The "next big thing" of indie-rock (yawn) in 2009 was
Cymbals Eat Guitars, a combo fronted by Joseph D'Agostino that
debuted with the austere and eccentric bombast-rock of
Why There Are Mountains (Sister's Den, 2009).
The desperate shout of And The Hazy Sea employed a soft-loud dynamics
like in a
sloppy version of Nirvana but also adding
a disorienting neoclassical piano.
Most songs are unstable and schizophreic. Cold Spring begins as a
heavily arranged litany,
an easy-listening version of Brian Jones-era Rolling Stones, but ends as a rousing garage bacchanal.
The seven-minute Share begins with a whisper buried in filthy guitar
drones that mutates into a solemn rhythm and ends with a frenzied jam.
Wind Phoenix (Proper Name) is a crescendo of angular riffs,
fractured beats and ugly chanting that hide a country-rock melody.

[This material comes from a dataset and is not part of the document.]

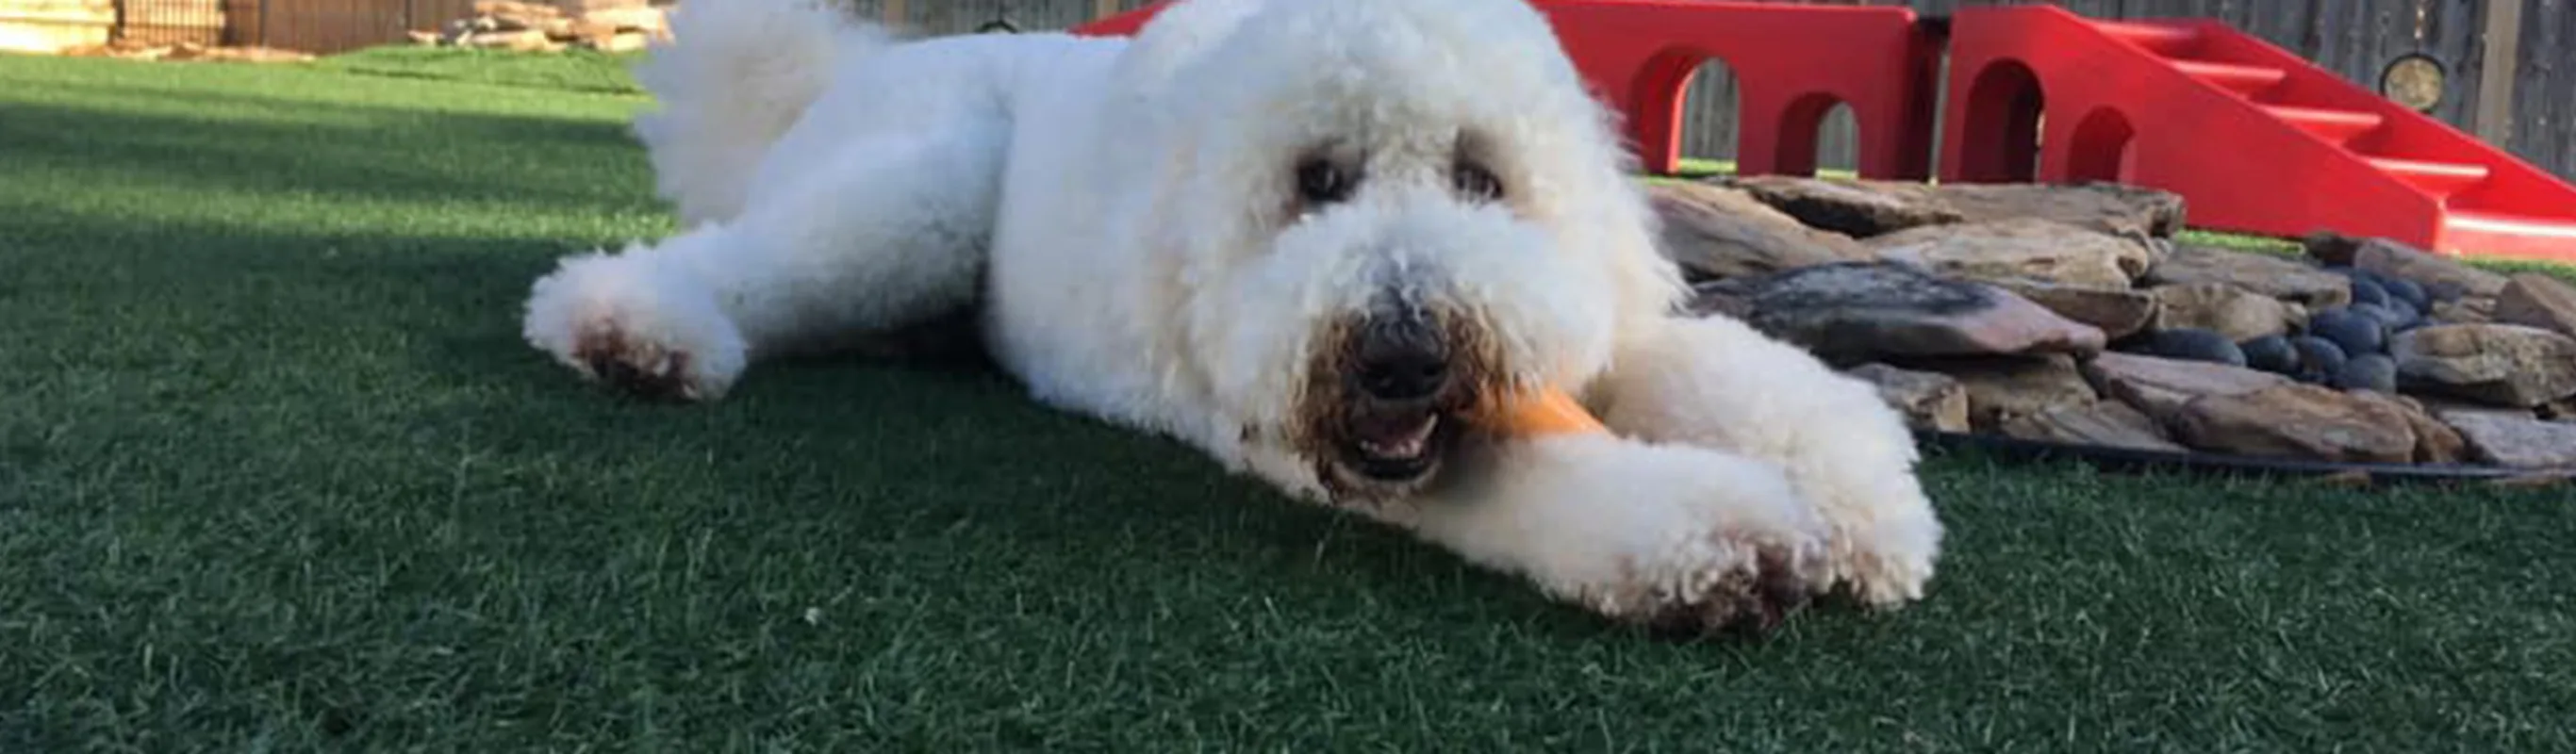 Large white dog smiling and laying on grass

The seven-minute Like Blood Does alternates between bedroom-pop
and Broadway show tune, with a distorted orchestra and a cacophonous interlude
The poppy march-like Indiana and the
oneiric drum-less ballad What Dogs See point to a more accessible
The narrative skills are certainly above the average: the music rarely cares
about riffs and refrains, but mostly about driving a story.